Serverless job scheduling with AWS Lambda

We recently had the need to backup a Consul cluster deployed in Kubernetes. Since the amount of cluster members may vary, there was no way to designate a snapshot manager in the cluster. We also found it more logical to keep the Consul pods as lean as possible. We choose to delegate the Consul snapshot job to a serverless compute system.

The architecture

terraform-module-esl-consul.png

Introduction

AWS Lambda is a compute service that lets you run code without provisioning or managing servers. AWS Lambda executes your code only when needed and scales automatically.
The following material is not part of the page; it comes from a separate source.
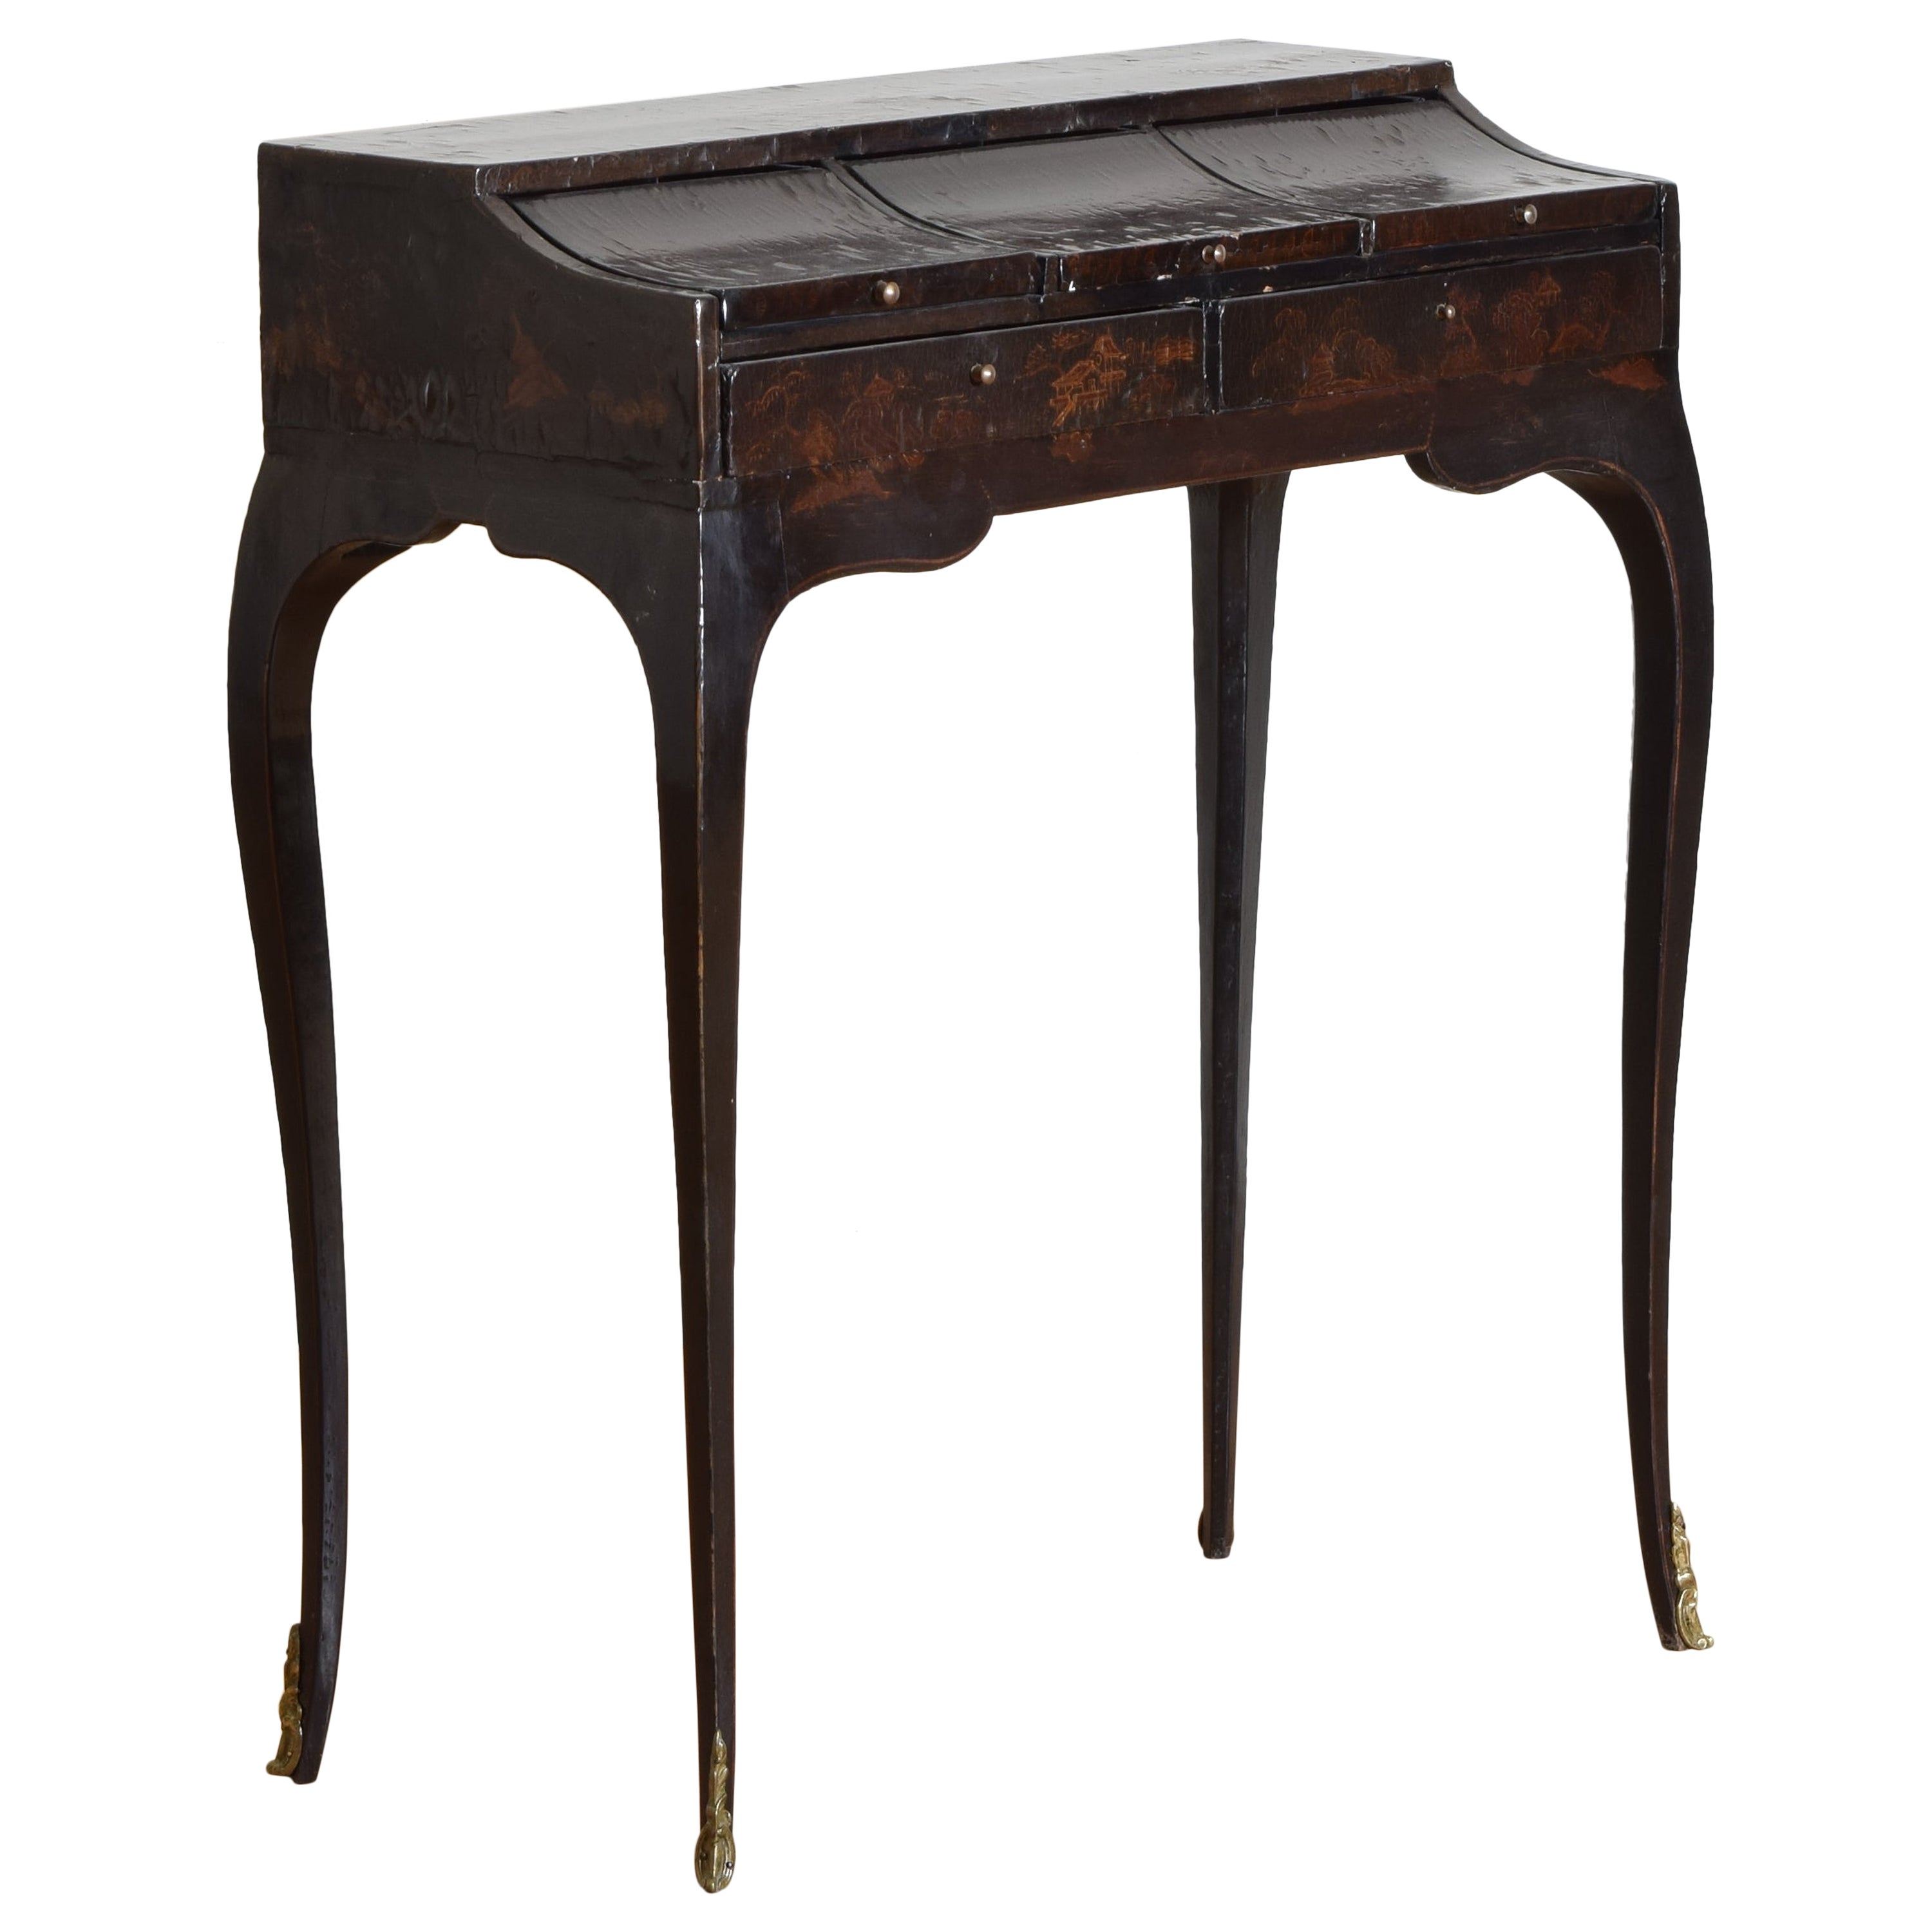 Lacquered and Veneered Bureau de Dame, 18th to 19th C. For Sale

It supports :

  • Node.js
  • Java
  • C#
  • Go
  • Python

This use case implements a Python code that makes an HTTP request to the Consul API and pipe the result to S3.

The idea is to have a code that is able to take the snapshot, store it into S3 and that is executed on a daily basis.

Backup.py

The backup.py file is actually the code that will be pushed to Lambda.

#!/usr/bin/env python

import os
import boto3
from botocore.vendored import requests

def GetSnapshot():
    try:
        snapshot = requests.get(
            "https://consul.example.com/v1/snapshot",
            headers={
                "X-Consul-Token": "xxxxxx-xxxxxx-xxxxxxx-xxxxxxx"
            }
        )
    except Exception, e:
        print e
    return snapshot.content

def SaveSnapshotToS3():
    try:
        s3 = boto3.resource('s3')
        object = s3.Object(os.environ["BUCKET_NAME"], 'snapshot.tgz')
        object.put(Body=str(GetSnapshot()))
    except Exception, e:
        print e

def lambda_handler(event, context):
    SaveSnapshotToS3()

Terraform code

This snippet is used to create the needed AWS objects (IAM role, S3 bucket, Lambda function …).

provider "aws" {}

data "aws_iam_role" "consul_snapshot" {
  name = "consul-snapshot"
}


data "archive_file" "function" {
  type = "zip"
  source_file = "${path.module}/backup.py"
  output_path = "${path.module}/backup.zip"
}

The Lambda function code has to be wrapped in a zip archive to be accepted by Lambda.

resource "aws_s3_bucket" "consul_snapshot" {
  bucket = "${var.cluster_name}-snapshot"
  acl    = "private"

  tags {
    Name        = "${var.cluster_name}-snapshot"
  }
}

The S3 bucket will host the snapshot file.

resource "aws_lambda_function" "consul_snapshot" {
  filename         = "backup.zip"
  function_name    = "${var.cluster_name}-snapshot"
  role             = "arn:aws:iam::246806011301:role/consul-snapshot"
  handler          = "backup.lambda_handler"
  runtime          = "python2.7"
  source_code_hash = "${base64sha256(file("backup.zip"))}"
  role             = "${data.aws_iam_role.consul_snapshot.arn}"

  environment {
    variables = { 
      BUCKET_NAME = "${var.cluster_name}-esl-snapshot"
    }   
  }
}

resource "aws_cloudwatch_event_rule" "consul_snapshot" {
  name        = "${var.cluster_name}-snapshot-daily"

  schedule_expression = "cron(0 0 * * ? *)"

  depends_on = [ 
    "aws_lambda_function.consul_snapshot"
  ]
}

resource "aws_cloudwatch_event_target" "consul_snapshot" {
  target_id = "${var.cluster_name}-snapshot-daily"
  rule      = "${aws_cloudwatch_event_rule.consul_snapshot.name}"
  arn       = "${aws_lambda_function.consul_snapshot.arn}"
}

resource "aws_lambda_permission" "consul_snapshot_daily" {
  statement_id  = "AllowExecutionFromCloudWatch"
  action        = "lambda:InvokeFunction"
  function_name = "${aws_lambda_function.consul_snapshot.arn}"
  principal     = "events.amazonaws.com"
  source_arn    = "${aws_cloudwatch_event_rule.consul_snapshot.arn}"
}

Finally, above is the Lambda function definition, split in 4 Terraform resources :

  1. The Lambda function itself that designate which zip archive will be used as function code container.
  2. The Cloudwatch event rule that is here a cronjob definition (can be a `rate`)
  3. The Cloudwatch event target which map the Lambda function and the Cloudwatch event rule.
  4. And finally the permission that allow the Cloudwatch event to trigger the Lambda function.

Result

After Terraformation, we obtain :

terraform-module-esl-consul.png

terraform-module-esl-consul.png

The first screenshot present the lambda function components. The second screenshot show the S3 object pushed to the bucket by the lambda function.

Conclusion

This little post demonstrate how to solve problems when it comes to find a way to execute backups on elastic cluster but also how to keep services clean by externalizing tasks scheduling on serverless compute.

It can be more efficient to choose a serverless solution for simple scheduling or small processing rather than pay for an underused instance that has to be managed.